Они вышли. Екатерина посмотрела вслед и подумала: «Щедрый мужик! Только не чист. Ох, не чист, шельма!» Поглядела сотни на свет и сунула за пазуху.
11
Борьба с собой
Яковлев не шел, а бежал. Хрустел под ногами снег, светило яркое солнце, но не было утренней радости. Думы тяжкие, горькие, как полынь, давили непомерным грузом. Ах, гад! Ты смотри, как хитро путы расставил. Так мне и надо. На порядочного человека враг не клюнет, а на пьянчужку...

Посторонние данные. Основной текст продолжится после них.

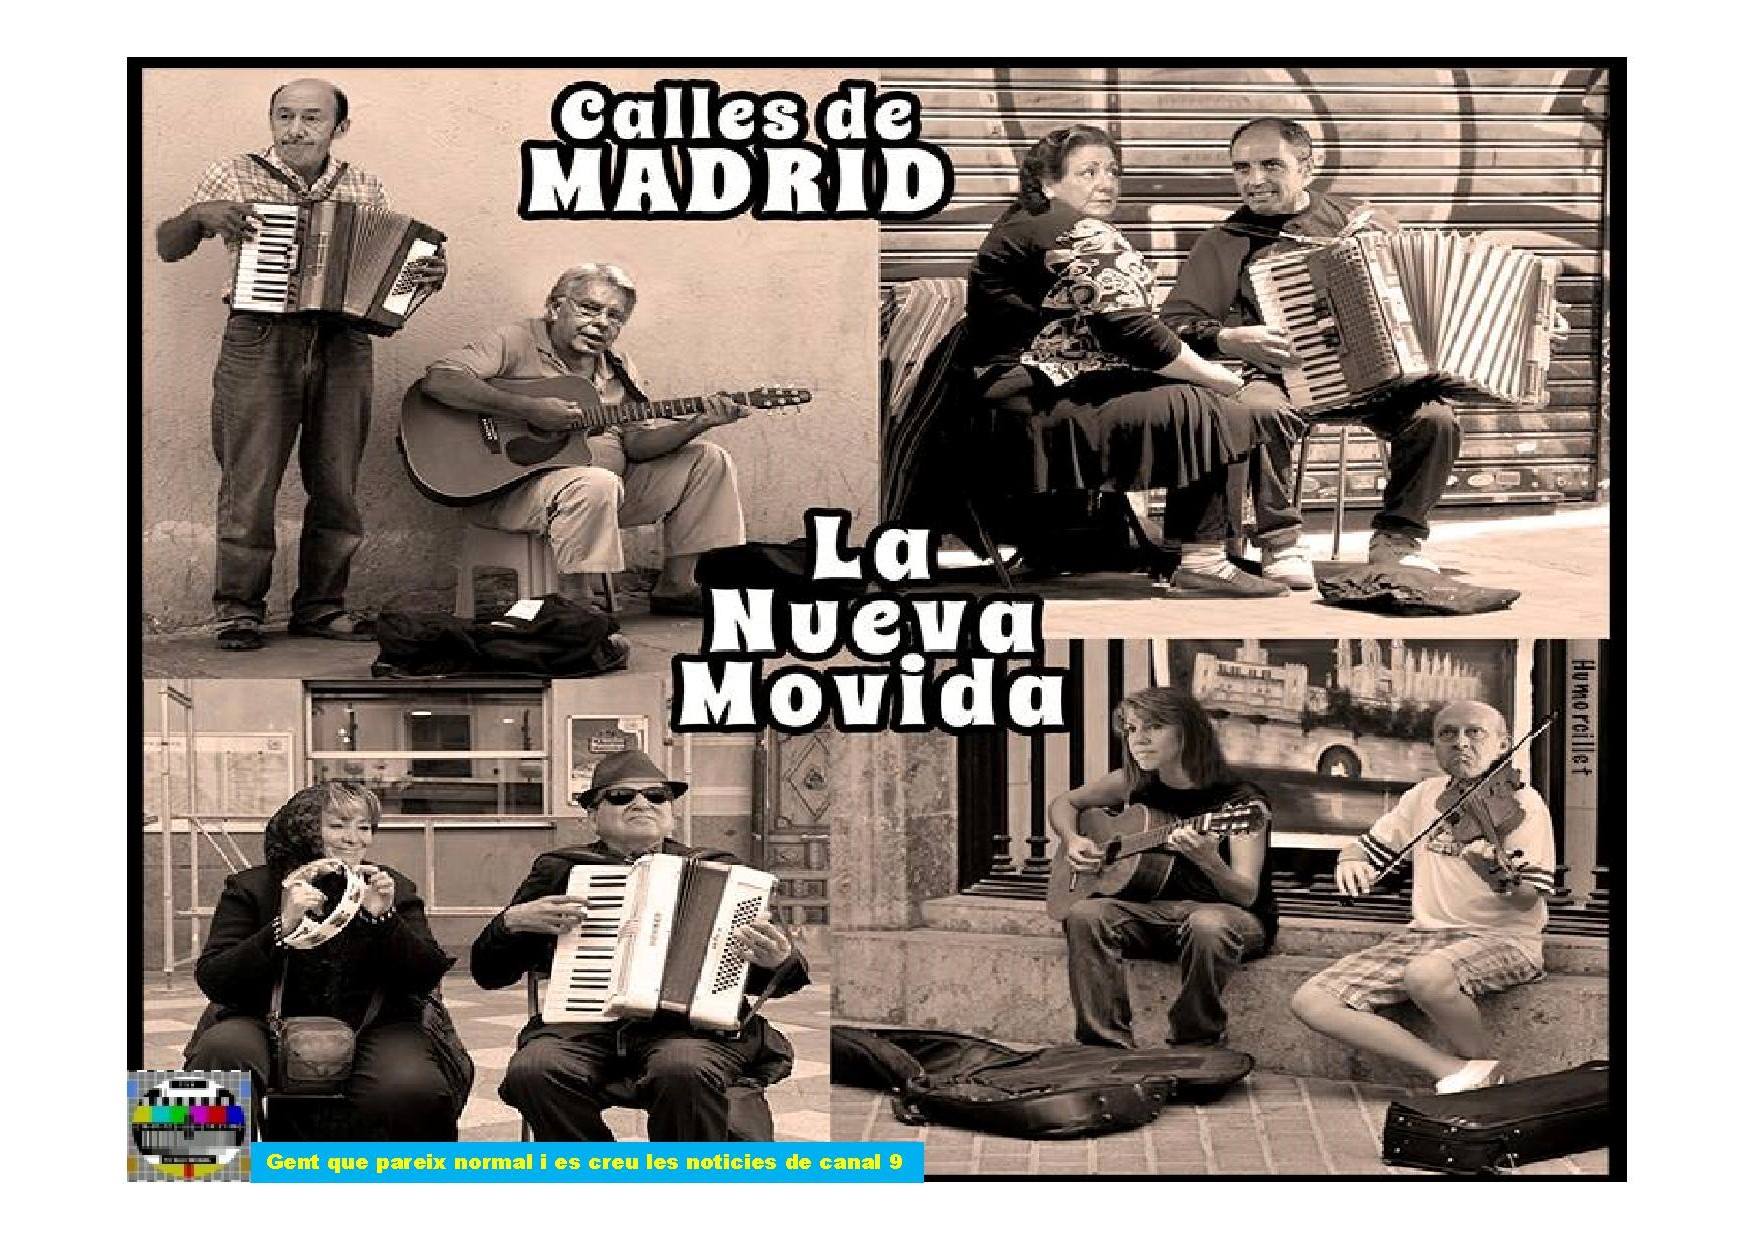 Calles de Madrid-La nueva Movida

Федор часто оглядывался. Ему казалось, что за ним гонятся. Нет, он не цеплялся за жизнь. Но хотелось умереть иначе. Сейчас одна мысль неотступно рвала мозги: добраться невредимым до капитана из особого отдела. Он, Яковлев, своими глазами теперь видел шпионов. Один даже... Федор обязательно вспомнит, где встречал этого негодяя.

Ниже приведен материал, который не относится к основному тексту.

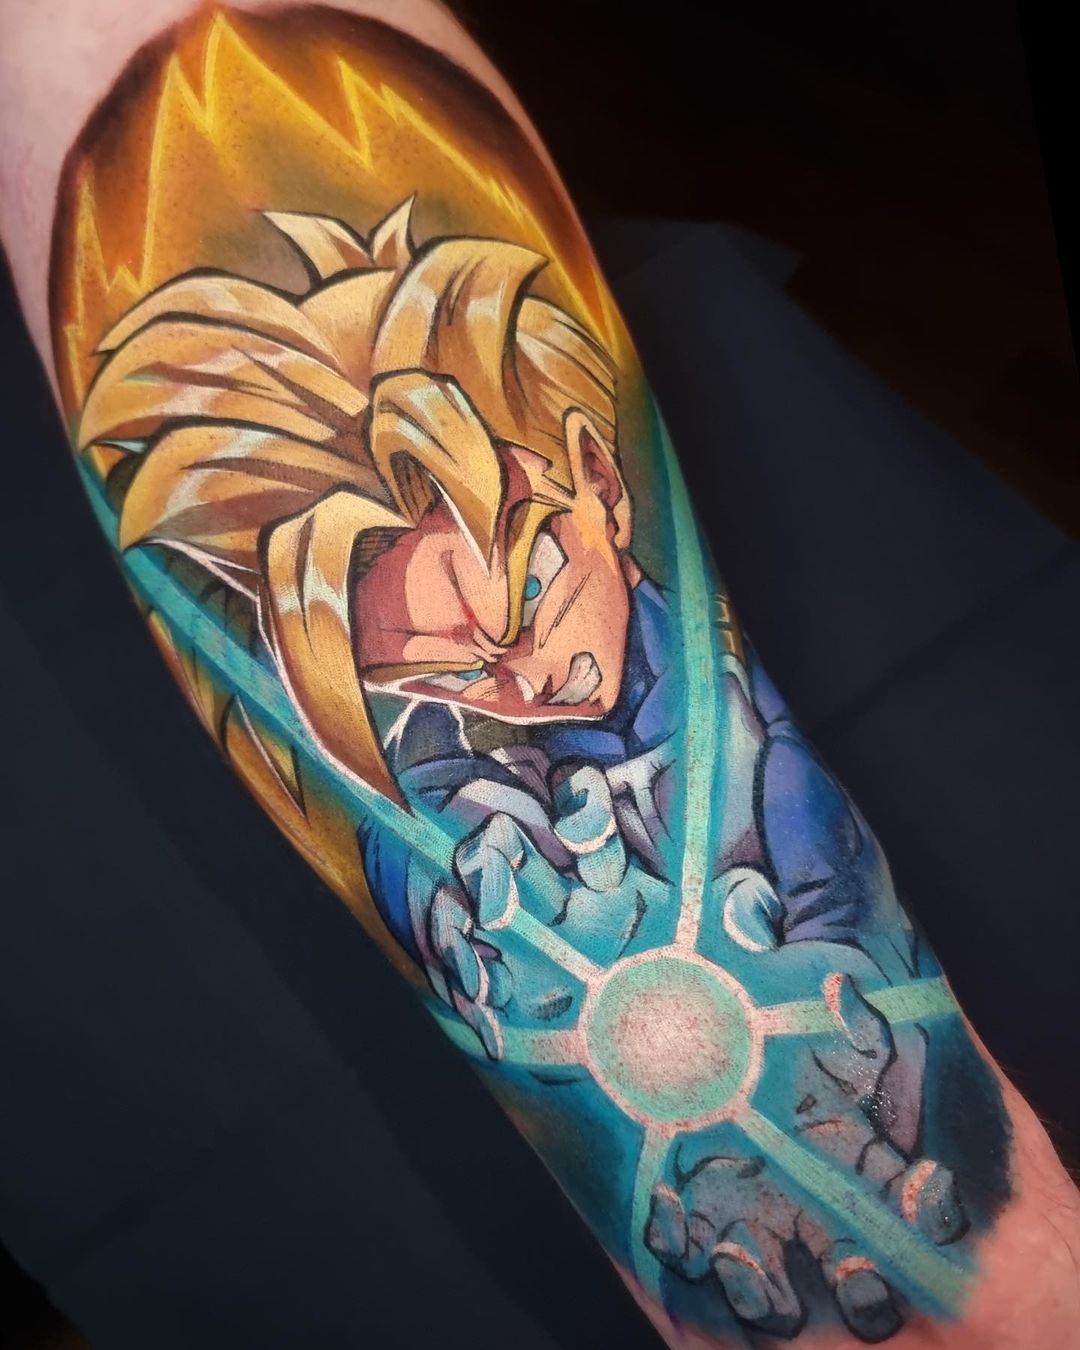 Super Saiyan Goku Dragon Ball Z Sleeve Tattoo

Федор прошел еще квартал и остановился.
Что же я скажу капитану Мельникову? — внезапно возник вопрос. Что помог шпионам уничтожить улики? Что спал на посту? А что, если в самом деле они тогда проникли в самолет?
Тот день Федор помнил до мельчайших подробностей. Был праздник. С утра ходили в солдатский клуб смотреть фильм. После обеда легли отдыхать: вечером заступали в караул. Сменщиком у Яковлева был рядовой Ивченко. Дотошный парень. Каждую пломбочку до умопомрачения высматривал. Их пост находился в центре стоянки. Два зачехленных истребителя заиндевевшими стреловидными крыльями как бы рассекали темень. Порывами налетал морозный ветерок, жалобно бряцал на столбе тусклым фонарем, бросал в лицо земляную крупку.
Во второй заход Яковлев заступал на пост в три утра. Как и всегда, за 15 минут до назначенного времени очередную смену разбудил начальник караула лейтенант Козырев. Федора одолевала зевота.
— Что с вами? — спросил Козырев. Яковлев пожал плечами.
Козырев достал портсигар, вытащил папиросу, протянул Федору. Угостил папиросами и остальных курящих. Он считал, что курево разгоняет сон. Потом выстроил смену на инструктаж.
— Предупреждаю, — сказал в заключение Козырев, — на улице потеплело. Может клонить в сон. Бодритесь. Буду проверять.
На посту, подсвечивая фонариком, Яковлев тщательно проверил пломбы, влез в тулуп напарника, прошелся несколько раз вокруг самолетов. В тулупе было тепло — веки тяжелели. Да что со мной? — встряхнулся Федор. Насилуя себя, еще раз прошелся.
С восточной стороны стоянки наползал туман. Он сначала обволок техдомик, полностью скрыв его от глаз, потом подкрался к фонарю, завесив слабые золотистые лучики млечной пеленой. Рот раздирало зевотой. Кругом тишина. Слышно даже было, как пряжка самолетного чехла где-то царапала обшивку истребителя. Яковлев присел на колесо и, прислонившись спиной к стойке шасси, задремал.
...Федора тогда будто кто толкнул. Когда он раскрыл глаза, Козырев был в нескольких метрах. Он появился внезапно, вынырнув из ночного марева. Яковлев даже окликнуть не успел.
— Стой! Кто идет? — вяло прозвучало в ночи.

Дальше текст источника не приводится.